Is the population relevant to our task?
2. Are the matching criteria clearly stated? Are they adequate?
Demographic, geographic, socio-economic, risk factors etc.
3. Was data collection blinded?
Biases are reduced if an interviewer or data collector is blinded to the patient's grouping. In some cases the patient may also be blinded as far as they may not know which are the key questions in an interview. Few of these studies, however, tend to be blinded.
4. Were confounding variables and biases considered?
Have confounding factors been taken into account in the analysis - if not conclusions should be treated with caution.
5. Which outcomes or distinctions were looked for?
List them.
6. Non-response rates
Is the data set complete - reject if less than 80% complete. If alternative sources of data have been used then these should be clearly specified.
7. Relative Risk or Relative Odds (include confidence intervals)
If RR < 1 then the treatment has a protective value.
If RR > 1 then the treatment has a detrimental effect.
If RR = 1 there is no treatment effect.
Need to look at the confidence intervals - if these include 1 then the result is not significant.
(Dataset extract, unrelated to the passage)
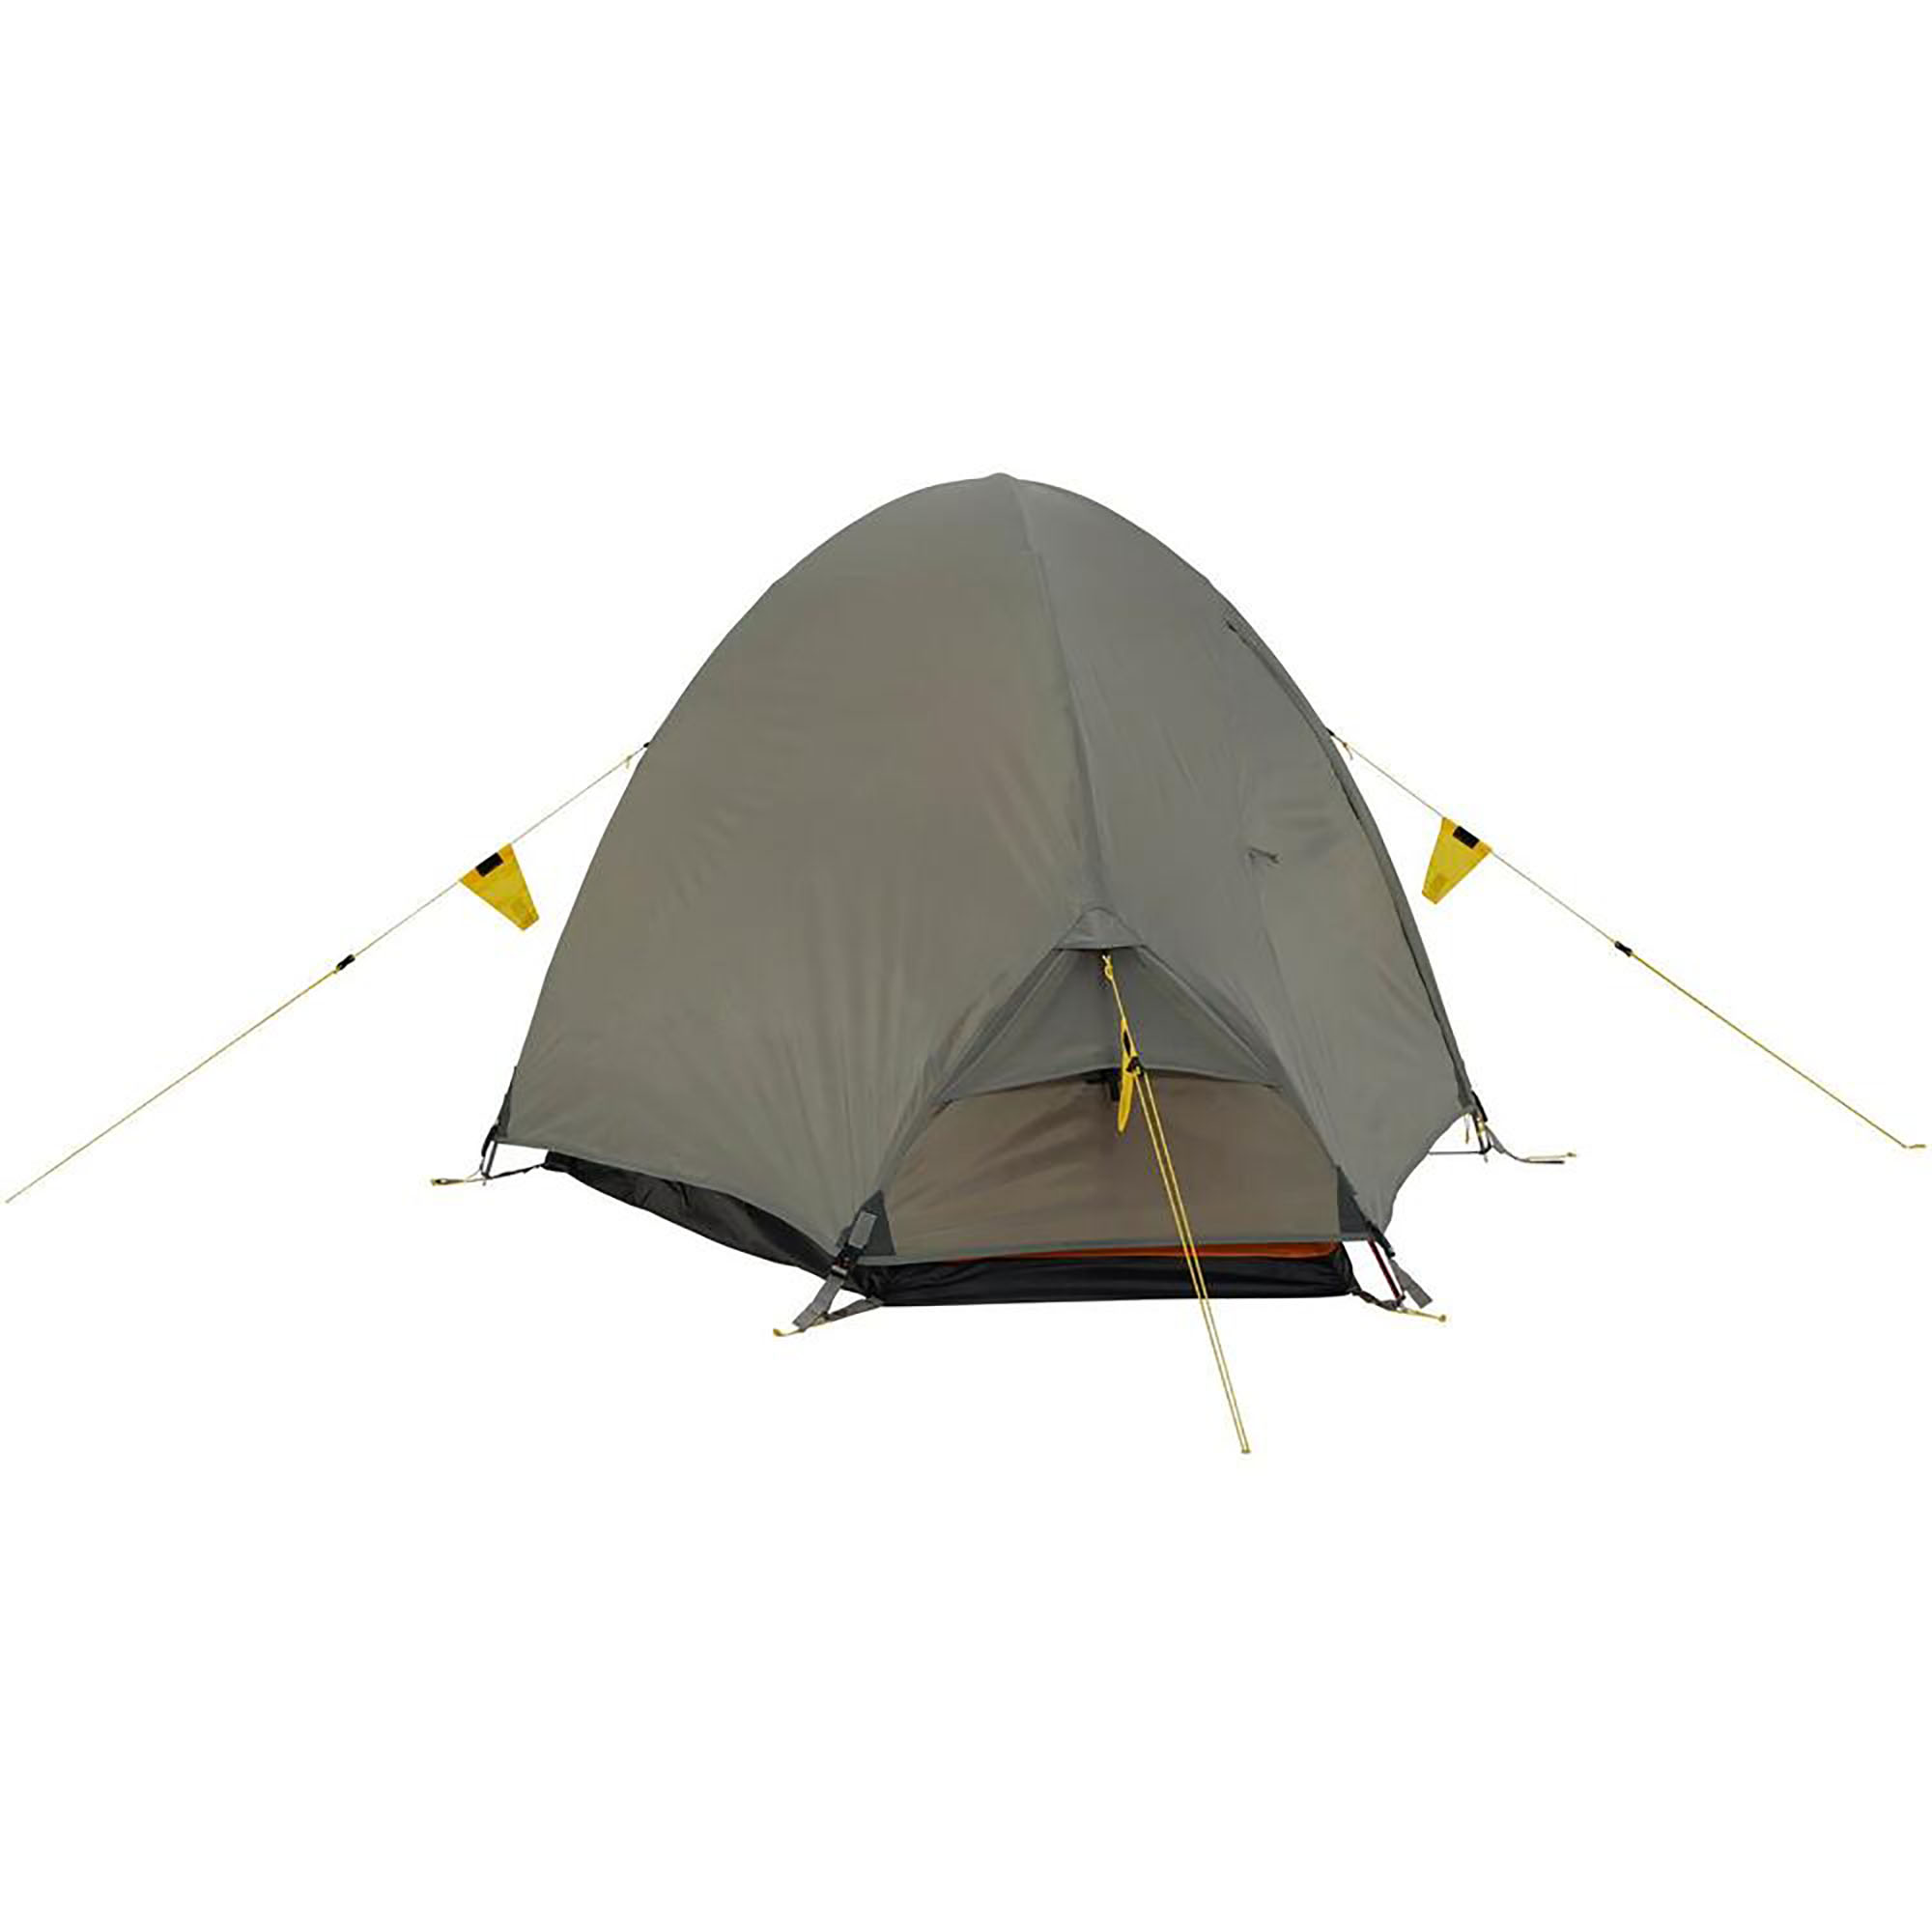 Wechsel Venture 1 Lightweight Hiking Tent

If however the range includes a clinically significant level (e.g. 1.5) then other papers should be consulted to be sure that the non significant result was not due to low power.
8. Was the study powerful enough?
If confidence intervals include RR>1.5 then the study may not be powerful enough.
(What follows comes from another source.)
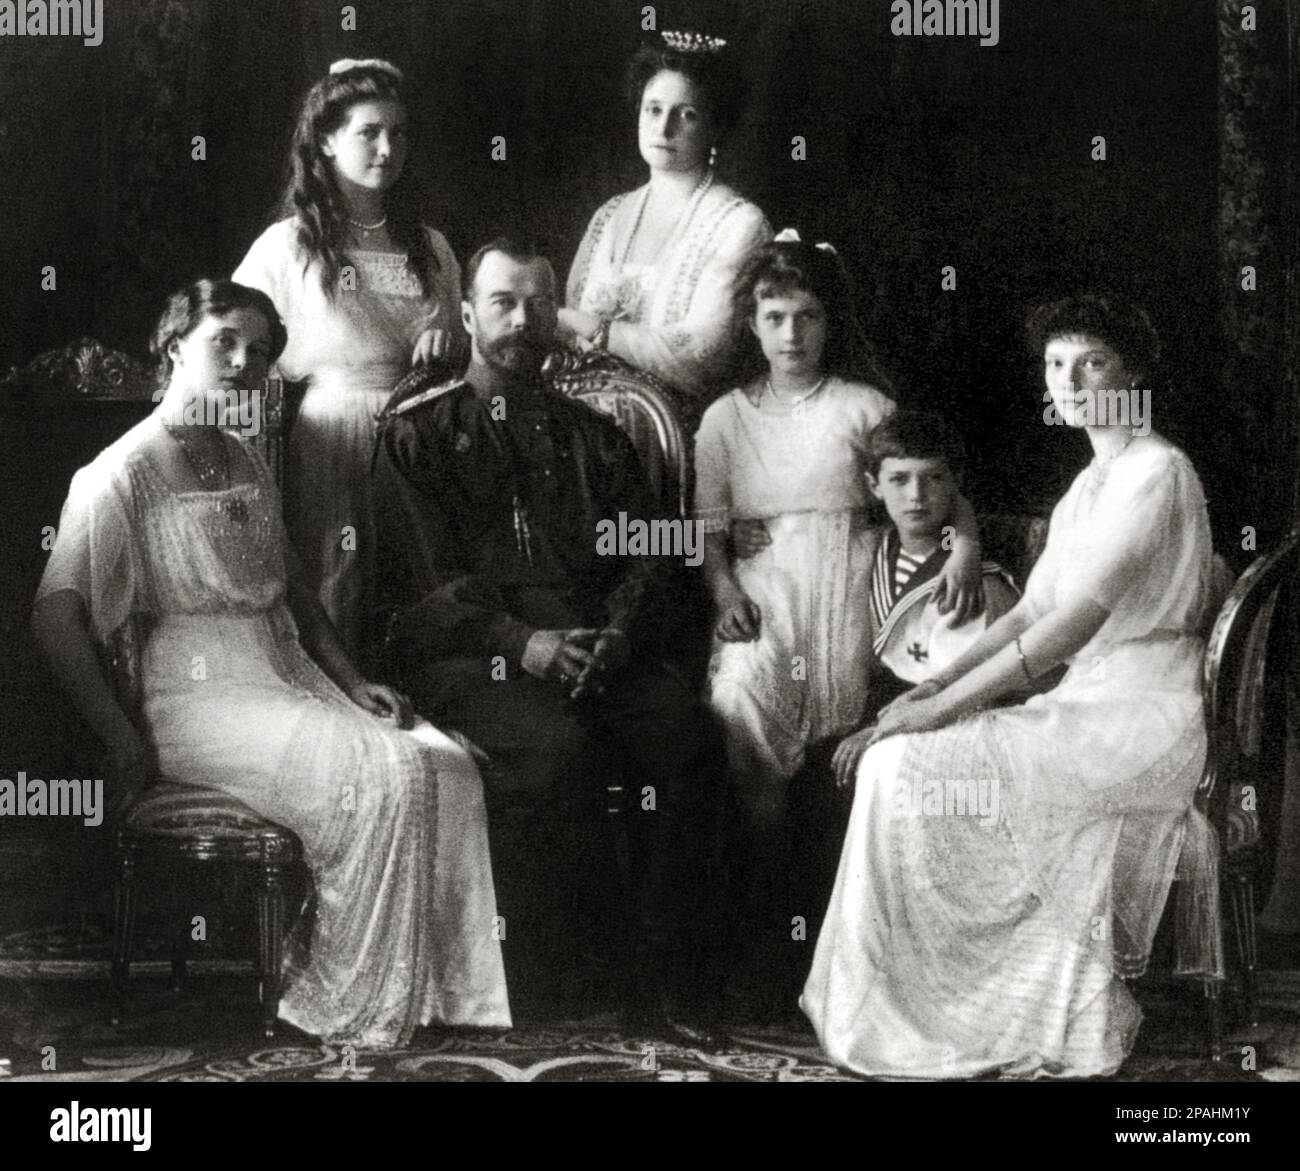 1911 :  The russian Tsar NICHOLAS II of Russia ( 1868– 1918)  with wife Empress Tsarina ALEXANDRA FYODOROVNA ( Feodorovna , Alix of Hesse and by Rhine 1872 - dead the day  17 July 1918 with all the royal family ). In this photo with sons  : crownprince Grand Duke Tsarevich ALEXEI Nikolaevich ROMANOV ( born 1904 ),  MARIE ( Maria , born 1899 ), TATIANA ( born 1897 ), ANASTASIA ( born 1901 ) and OLGA (born  1895 )- HISTORY  foto storiche - foto storica   - portrait - ritratto - nobilta'  - nobility - nobili  - nobile - BELLE EPOQUE  - RUSSIA - ZAR - Czar - Tsarine -   TZARINA - ZARINA  - RUSSIA Stock Photo

Points 1 and 2 were considered fatal flaws - if an article failed to meet any of these criteria then it was rejected on methodology and not passed on for clinical assessment.
B. Clinical judgement
1. Were the outcomes true or substitute?
2. Was the follow-up time period appropriate?
3. Was the outcome clinically significant?
Review/ overview/ meta-analyses grid
A. Methodological judgement
1. Were appropriate search methods used?
Did the reviewers use at least one electronic database or carry out a hand search plus either experts advice or citation searches?
2. Were appropriate selection criteria used?
Descriptions of original papers should include: blinding of patients, blinding of investigators, study type - do they fit in with our methodological criteria?
3. How many papers were included?
4. Were the sizes of individual studies considered ?
Meta-analysis should weight conclusions according to the sample size of the included studies.
5. Were the papers appropriate to combine?
Were they using the same populations?
Were they looking at the same endpoints?
6. Which outcomes were looked at?
List them.
If a review did not have a clear method section it was rejected for our evidence review. However the reference sections were checked as a supplementary search strategy.
B. Clinical judgement
1. Were these outcomes true or substitute?
2. What was the author's conclusion?
Does this follow directly from the data in the review?
3. Is this clinically important?
References
Bailar, J.C. and Mosteller, F. (1988) Guidelines for statistical reporting in articles for medical journals. Amplifications and explanations. Annals of Internal Medicine 108:266-273.
Detsky, A.S. and Sackett, D.L. (1985) When was a negative clinical trial big enough? How many patients you needed depends on what you found. Archives of Internal Medicine 145:709-712.
Guyatt, G.H., Sackett, D.L. and Cook, D.J. (1994) Users' guides to the medical literature. II: How to use an article about therapy or prevention. B. What were the results and will they help me in caring for my patients? Journal of the American Medical Association 271:59-63.
Kleijnen, J., Knipschild, P. and ter Riet, G. (1991) Clinical trials of homoeopathy. British Medical Journal 302:316-323.
Koes, B.W., Bouter, L.M., Beckerman, H., van der heijden, G.J.M.G. and Knipschild, P.G. (1991) Physiotherapy exercises and back pain: a blinded review. British Medical Journal 302:1572-1576.